§ Your assignment
The full listing should be written out verbatim, and its images should be dropped.

§ Data segment

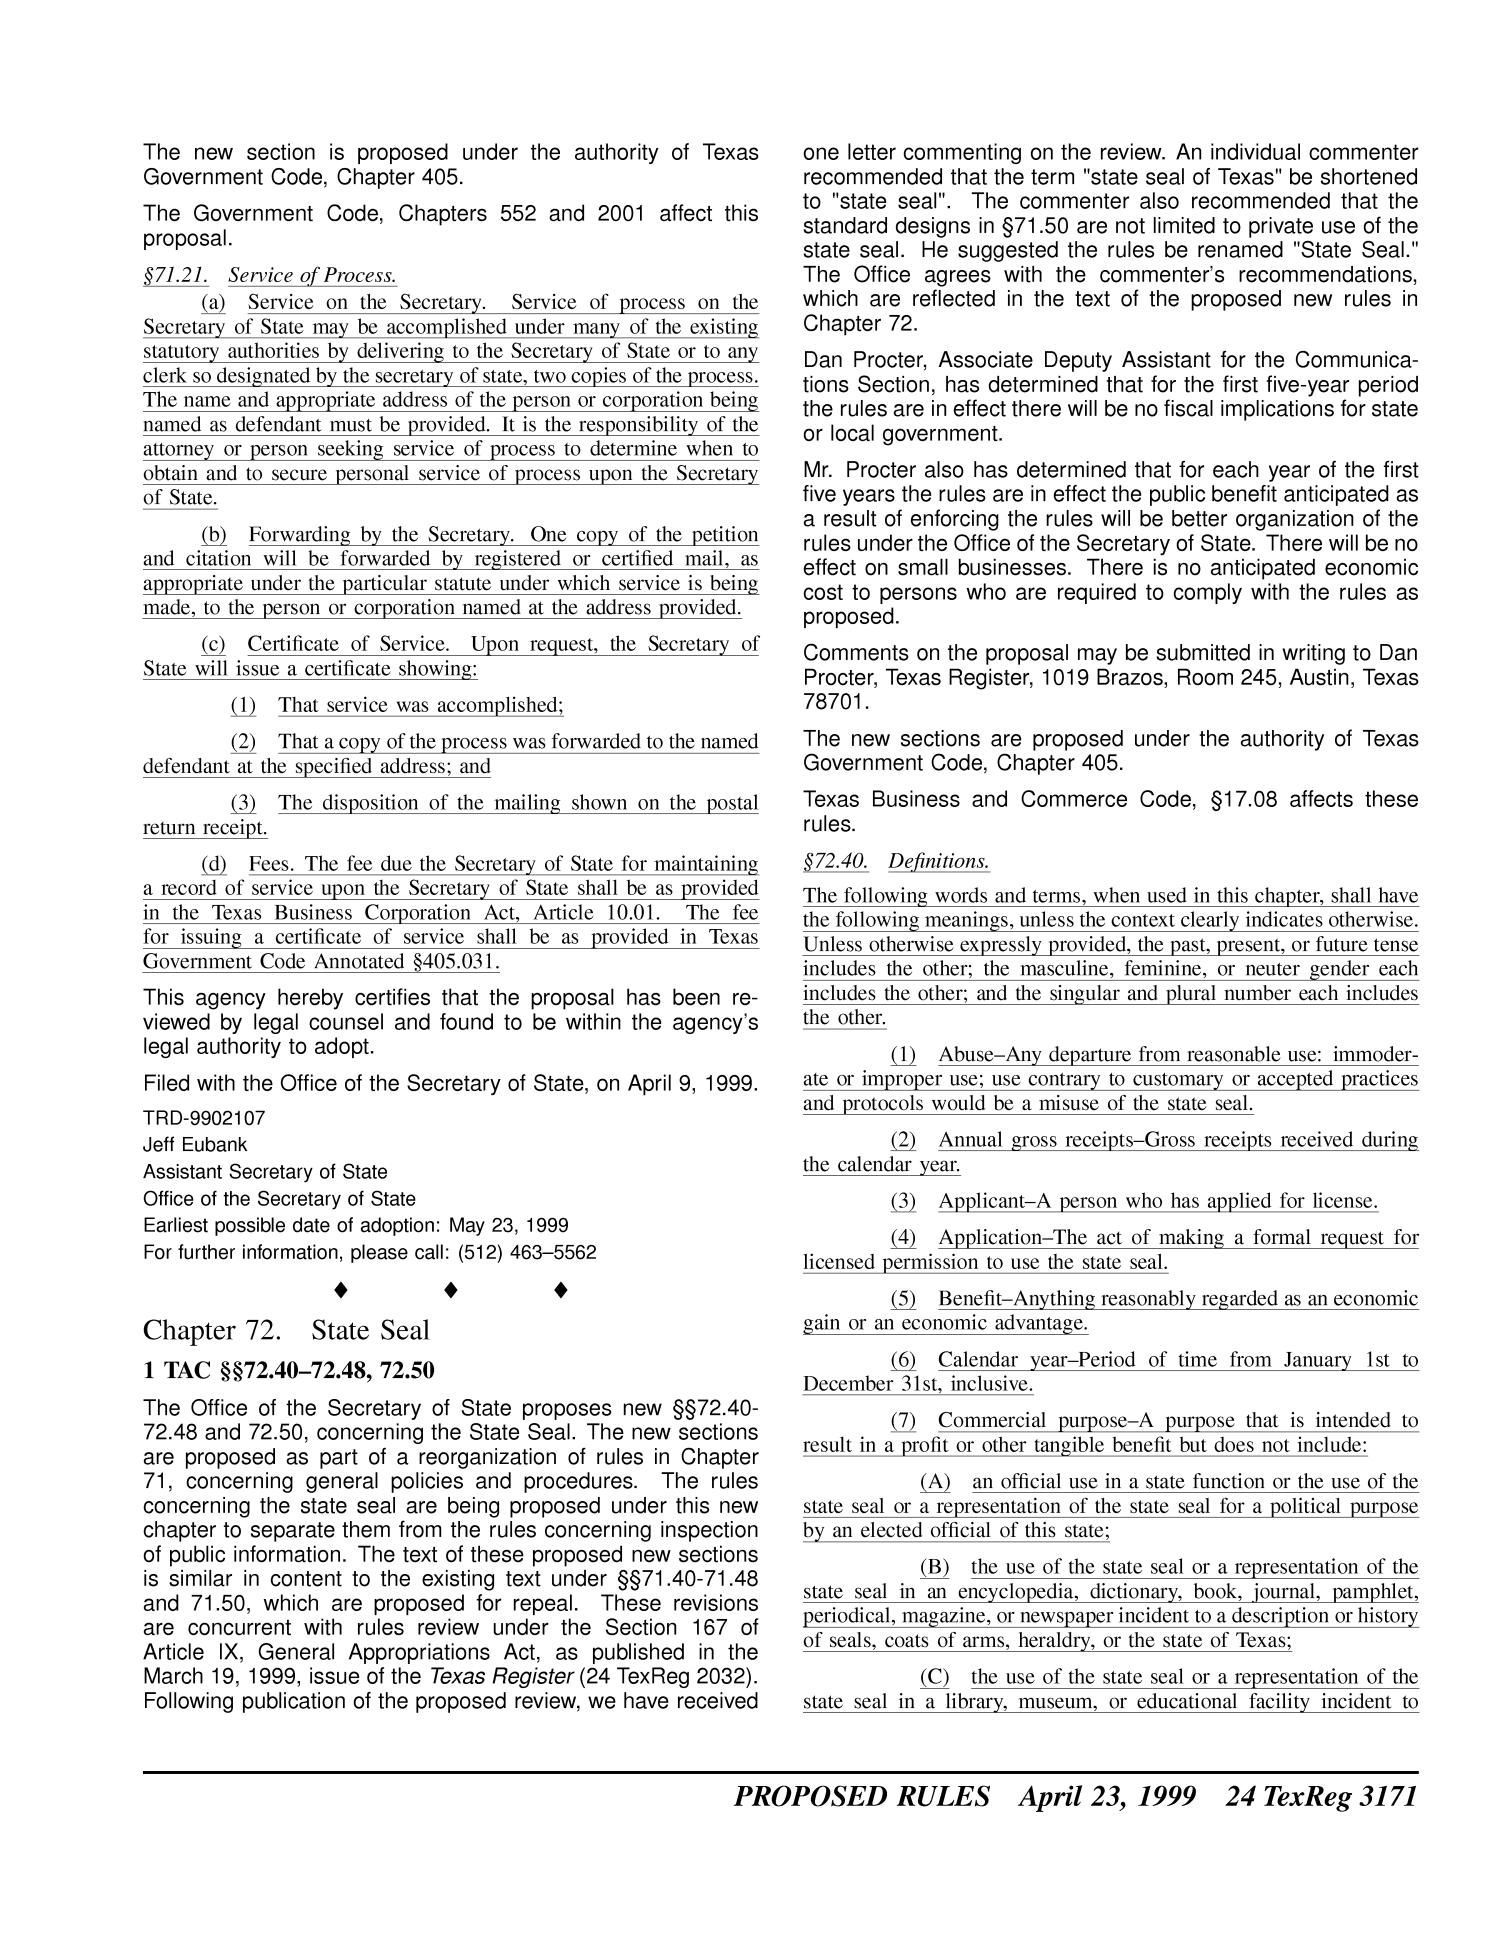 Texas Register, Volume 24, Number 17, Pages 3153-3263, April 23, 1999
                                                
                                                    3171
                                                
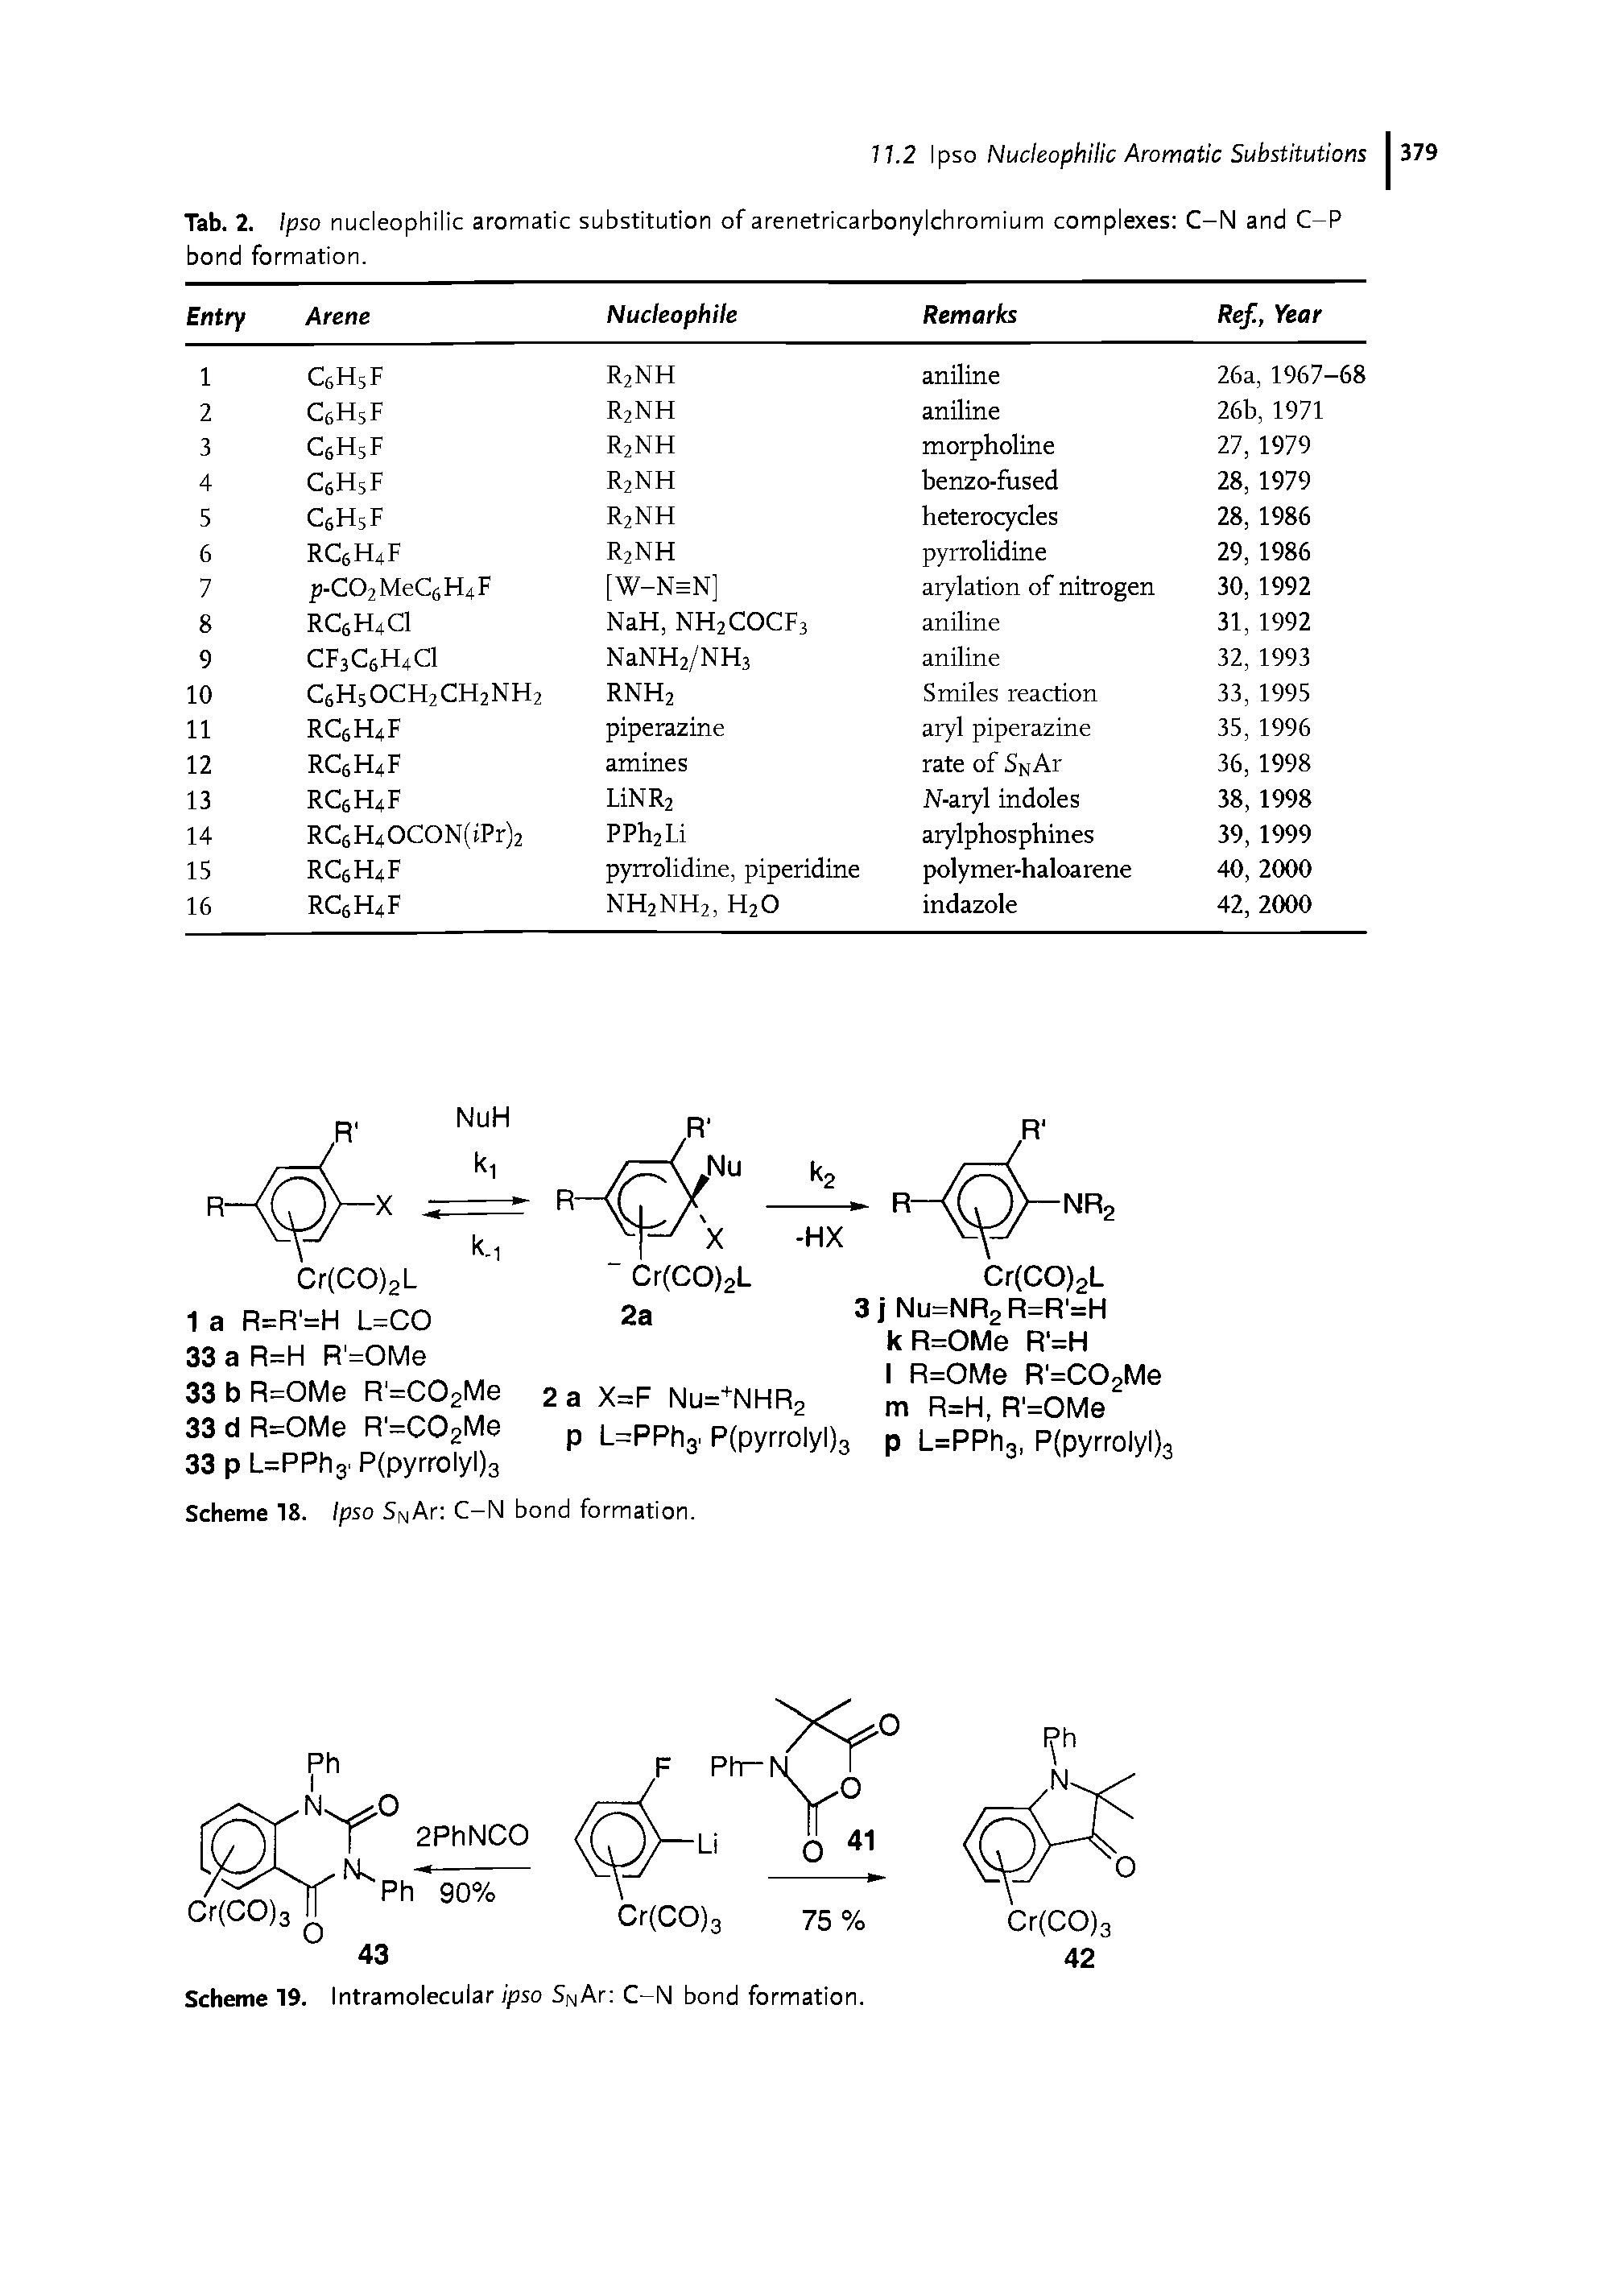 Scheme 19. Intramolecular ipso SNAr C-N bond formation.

§ Response
 Texas Register, Volume 24, Number 17, Pages 3153-3263, April 23, 1999
                                                
                                                    3171
                                                
 Scheme 19. Intramolecular ipso SNAr C-N bond formation.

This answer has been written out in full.